Since this was announced I subscribed to ShaoLan's newsletter, and looked at the facebook page a few times.

There were stories on each character, cultural info, puzzles to solve (find the most words using these characters), etc.  

Actually I thought it was pretty good stuff for pure beginners with a casual interest in learning Chinese.

I learned quite a few character combinations that I wasn't aware of.   And I saw lots of people engaging actively as a community.

 

Then she asked what people wanted her to do with the idea.  Overwhelming people said they wanted a book.

So she made a book.  She raised lots of money on kickstarter and published what was promised.  That's what kickstarter is for.

 

The number of people who are interested to learn a little bit about Chinese characters, in an easy going, casual and attractive manner is clearly in the millions.

The characters hold fascination for many people.  These people aren't (yet) going to enroll in a course, but they'd like to learn something.  

So they can buy a book or engage on facebook and learn some characters and words, maybe five, maybe fifty, maybe 100.

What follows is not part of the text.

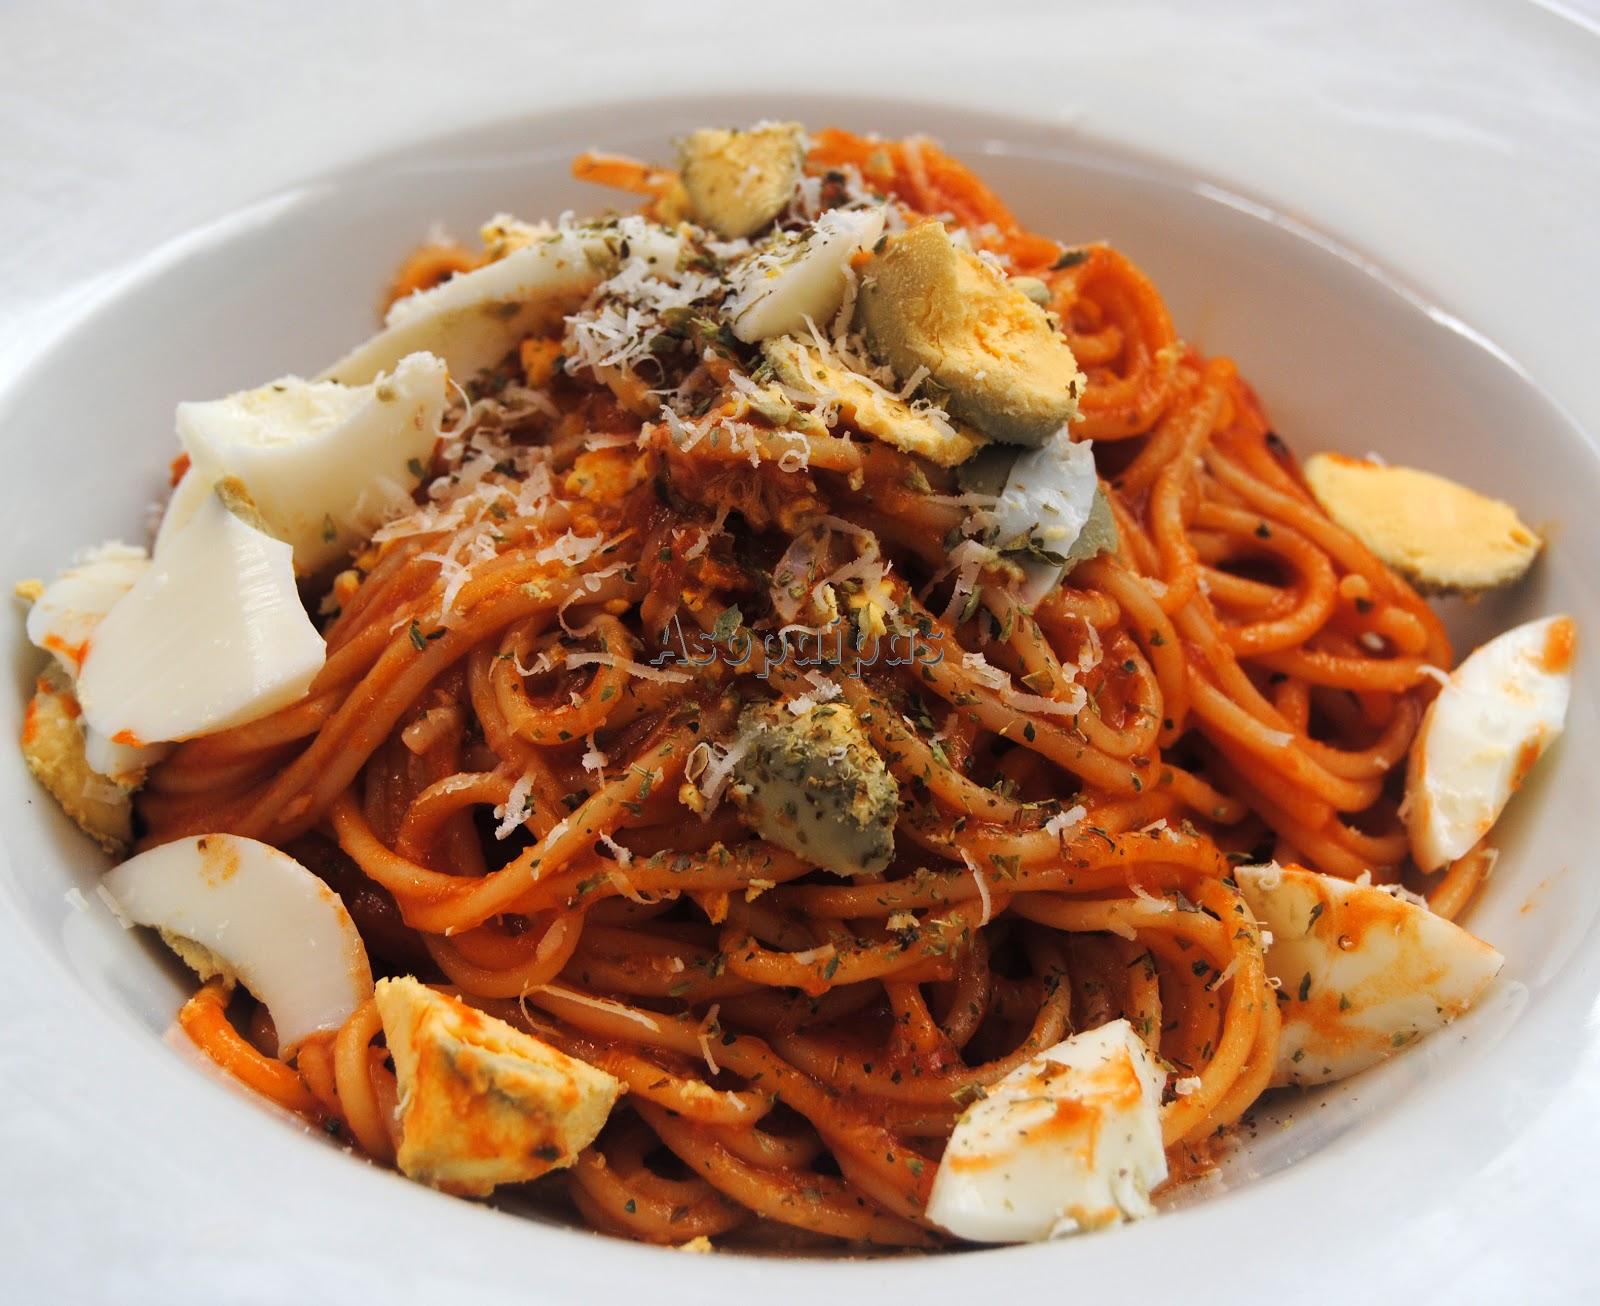 Espaguetis con at n y huevo duro receta asopaipas for Plato de espaguetis

Maybe one day they dream of coming to China and being able to tell which toilets are male and female, or point at the characters for beef.

 

And maybe some of them will take that interest and commit the time necessary to start studying, which is great.  

 

Personally, I think this is a good thing.  Lowering the barrier for entry is a good thing.  Getting the idea out there that there are components to characters, that you can memorize them with stories, that characters combine to make words is a good thing.   Engaging people around Chinese is a good thing.   The biggest barrier is not the "right technique" or the "right textbook" or the "right order of learning" it's engagement and time commitment.   If I had a dollar for every time someone said to me "Oh learning Chinese I could never do that"....  well let's just say I'd have enough to buy the large screensaver.

 

Sure there are shortcuts, and the techniques have a lot of "What's Old is New Again".  But "Fun with Chinese characters", or Tuttle's book, or even my beloved Heisig look like they were typeset in the 1920s, and the authors and publishers are not promoting them to new audiences, just letting them sit on the shelf raking in the cash (joking).  The graphic design of the Chineasy characters is beautiful, the execution on marketing, community engagement, PR, etc is top notch, and so I hope it succeeds in attracting and engaging more people.